通过间充质干细胞调节线粒体 NDUFS4 缺乏症中的氧化磷酸化和氧化还原稳态。

Modulation of oxidative phosphorylation and redox homeostasis in mitochondrial NDUFS4 deficiency via mesenchymal stem cells.

作者信息

Melcher Marlen, Danhauser Katharina, Seibt Annette, Degistirici Özer, Baertling Fabian, Kondadi Arun Kumar, Reichert Andreas S, Koopman Werner J H, Willems Peter H G M, Rodenburg Richard J, Mayatepek Ertan, Meisel Roland, Distelmaier Felix

机构信息

Department of General Pediatrics, Neonatology and Pediatric Cardiology, University Children's Hospital, Heinrich Heine University Düsseldorf, Moorenstraße 5, 40225, Düsseldorf, Germany.

Division of Pediatric Stem Cell Therapy, Clinic for Pediatric Oncology, Hematology and Clinical Immunology, Medical Faculty, Heinrich Heine University Medical Center, Düsseldorf, Germany.

出版信息

Stem Cell Res Ther. 2017 Jun 24;8(1):150. doi: 10.1186/s13287-017-0601-7.

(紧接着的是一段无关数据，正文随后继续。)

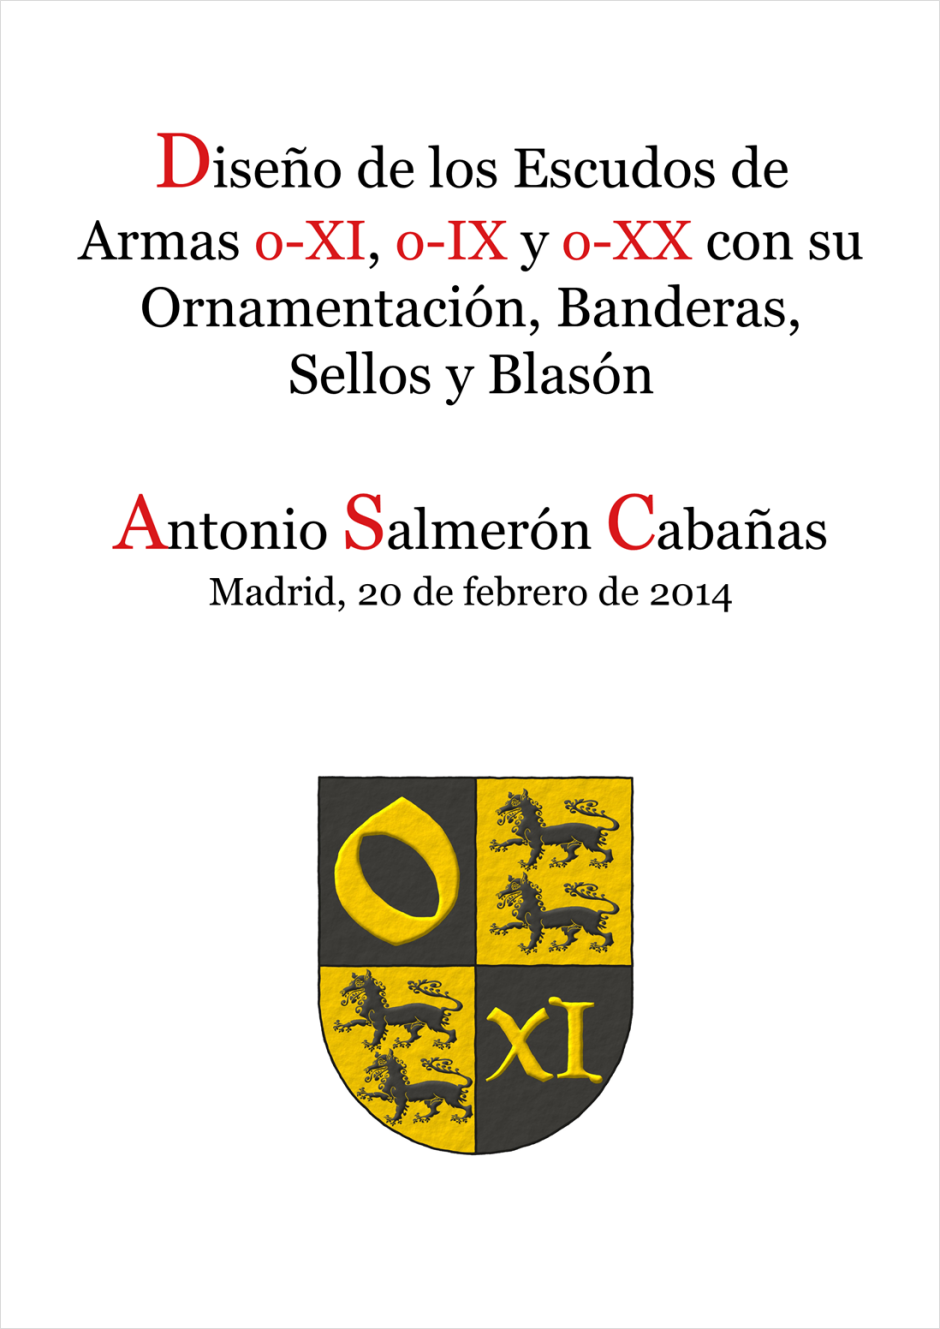 Diseo de los escudos de armas o-XI, o-IX, o-XX con su ornamentacin, banderas, sellos y blasn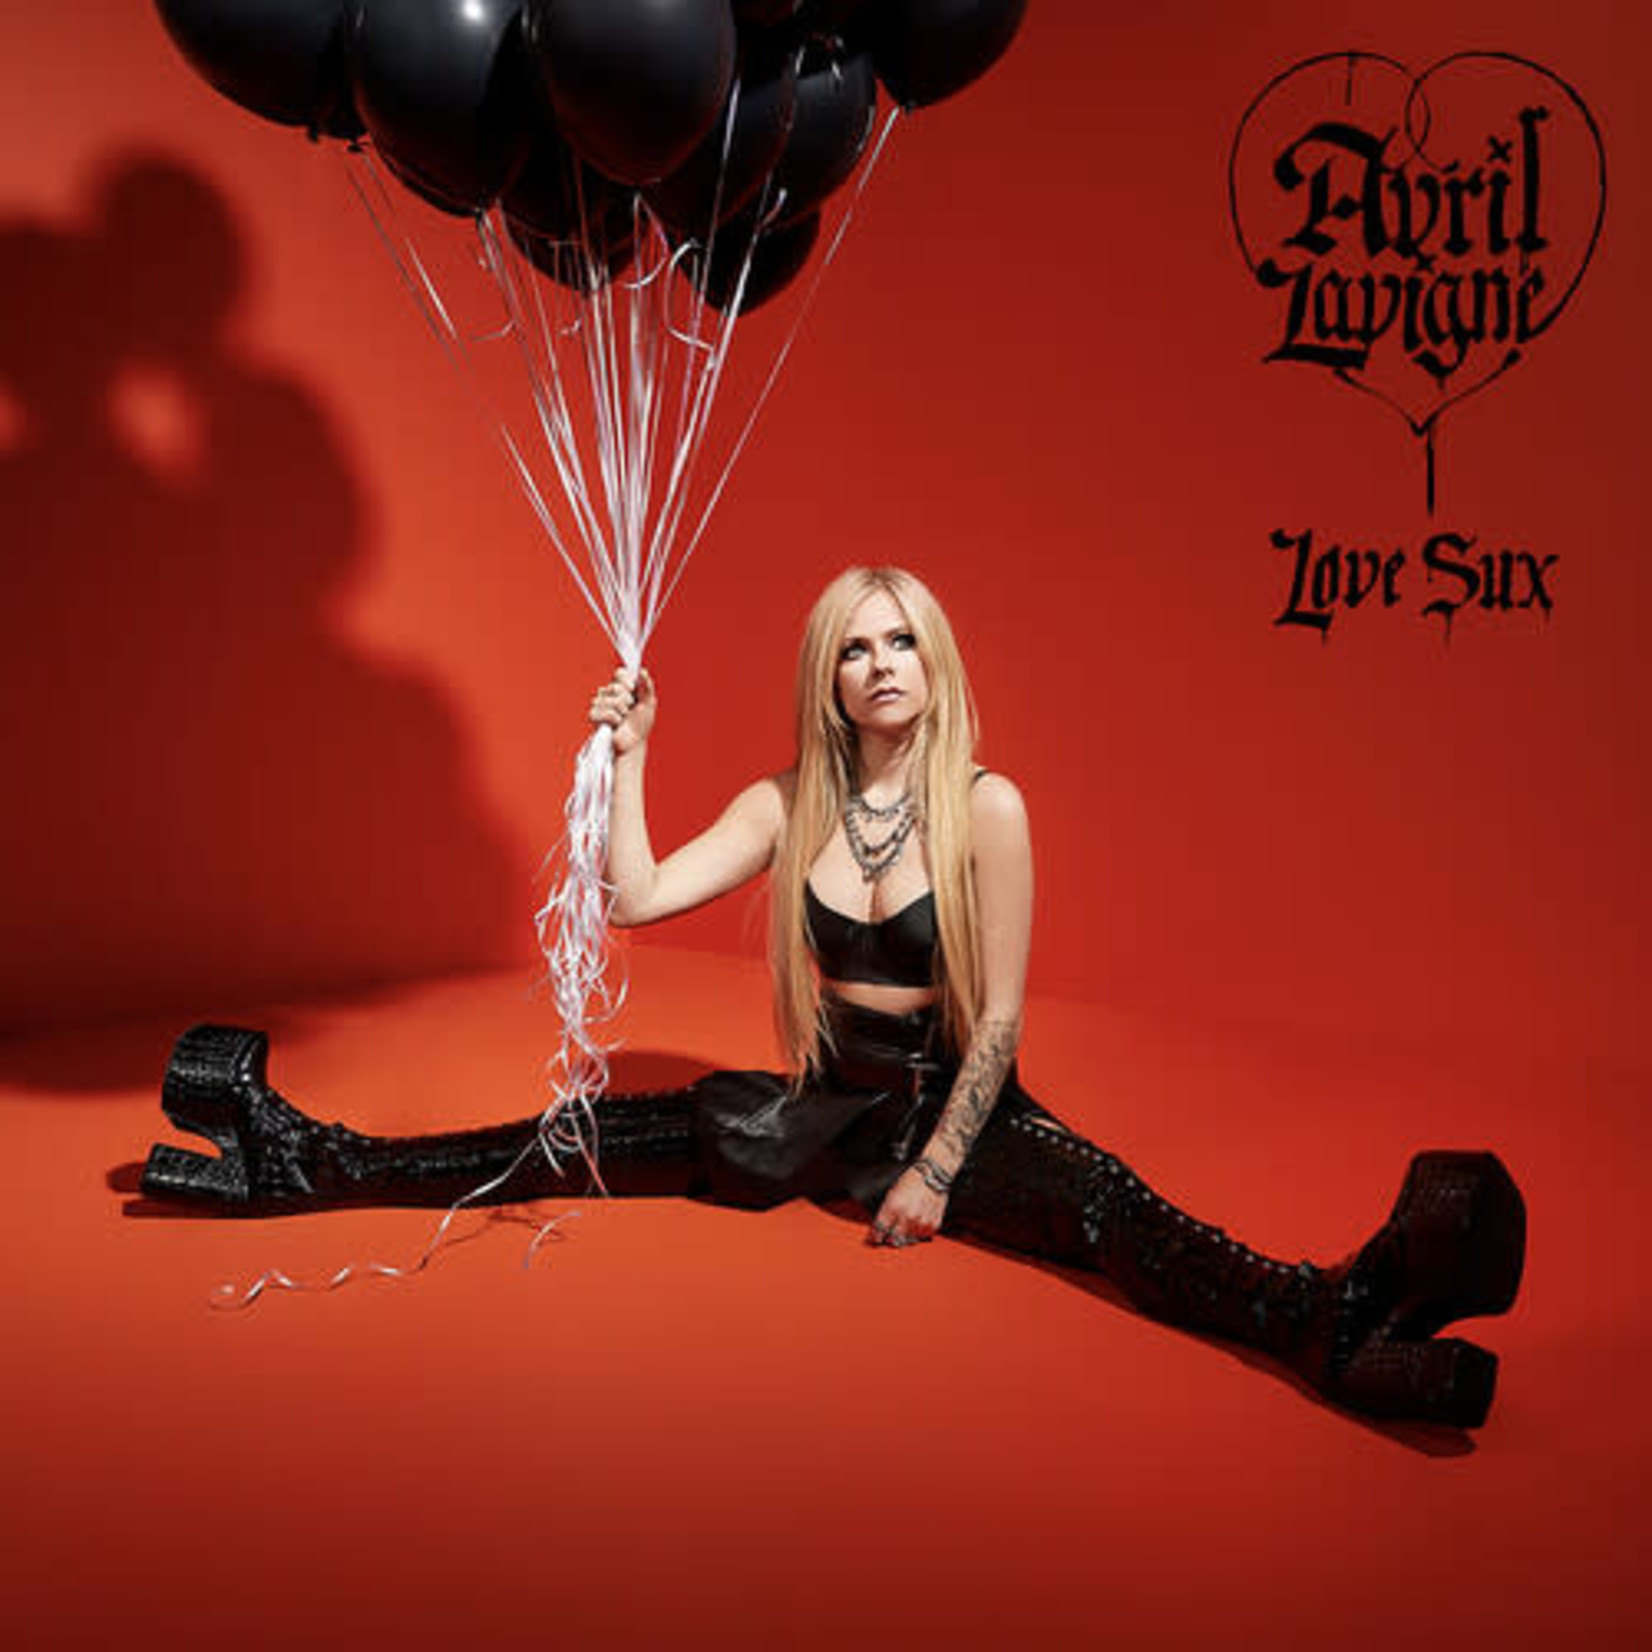 Avril Lavigne - Love Sux [CD]

DOI:10.1186/s13287-017-0601-7

PMID:28646906

原文链接:https://pmc.ncbi.nlm.nih.gov/articles/PMC5482938/

Abstract

BACKGROUND

Disorders of the oxidative phosphorylation (OXPHOS) system represent a large group among the inborn errors of metabolism. The most frequently observed biochemical defect is isolated deficiency of mitochondrial complex I (CI). No effective treatment strategies for CI deficiency are so far available. The purpose of this study was to investigate whether and how mesenchymal stem cells (MSCs) are able to modulate metabolic function in fibroblast cell models of CI deficiency.

METHODS

We used human and murine fibroblasts with a defect in the nuclear DNA encoded NDUFS4 subunit of CI. Fibroblasts were co-cultured with MSCs under different stress conditions and intercellular mitochondrial transfer was assessed by flow cytometry and fluorescence microscopy. Reactive oxygen species (ROS) levels were measured using MitoSOX-Red. Protein levels of CI were analysed by blue native polyacrylamide gel electrophoresis (BN-PAGE).

RESULTS

Direct cellular interactions and mitochondrial transfer between MSCs and human as well as mouse fibroblast cell lines were demonstrated. Mitochondrial transfer was visible in 13.2% and 6% of fibroblasts (e.g. fibroblasts containing MSC mitochondria) for human and mouse cell lines, respectively. The transfer rate could be further stimulated via treatment of cells with TNF-α. MSCs effectively lowered cellular ROS production in NDUFS4-deficient fibroblast cell lines (either directly via co-culture or indirectly via incubation of cell lines with cell-free MSC supernatant). However, CI protein expression and activity were not rescued by MSC treatment.

CONCLUSION

This study demonstrates the interplay between MSCs and fibroblast cell models of isolated CI deficiency including transfer of mitochondria as well as modulation of cellular ROS levels. Further exploration of these cellular interactions might help to develop MSC-based treatment strategies for human CI deficiency.

摘要

背景

氧化磷酸化（OXPHOS）系统紊乱是先天性代谢缺陷中的一大类。最常见的生化缺陷是线粒体复合物I（CI）单独缺乏。目前尚无针对CI缺乏的有效治疗策略。本研究的目的是调查间充质干细胞（MSC）是否以及如何调节CI缺乏的成纤维细胞模型中的代谢功能。

方法

我们使用了核DNA编码的CI亚基NDUFS4有缺陷的人和小鼠成纤维细胞。在不同应激条件下将成纤维细胞与MSC共培养，并通过流式细胞术和荧光显微镜评估细胞间线粒体转移。使用MitoSOX-Red测量活性氧（ROS）水平。通过蓝色原代聚丙烯酰胺凝胶电泳（BN-PAGE）分析CI的蛋白水平。

结果

证明了MSC与人以及小鼠成纤维细胞系之间存在直接的细胞相互作用和线粒体转移。对于人和小鼠细胞系，分别在13.2%和6%的成纤维细胞（例如含有MSC线粒体的成纤维细胞）中可见线粒体转移。通过用TNF-α处理细胞可进一步刺激转移率。MSC有效降低了NDUFS4缺陷成纤维细胞系中的细胞ROS产生（直接通过共培养或间接通过将细胞系与无细胞MSC上清液孵育）。然而，MSC处理未能挽救CI蛋白表达和活性。

结论

本研究证明了MSC与孤立CI缺乏的成纤维细胞模型之间的相互作用，包括线粒体转移以及细胞ROS水平的调节。对这些细胞相互作用的进一步探索可能有助于开发基于MSC的人类CI缺乏治疗策略。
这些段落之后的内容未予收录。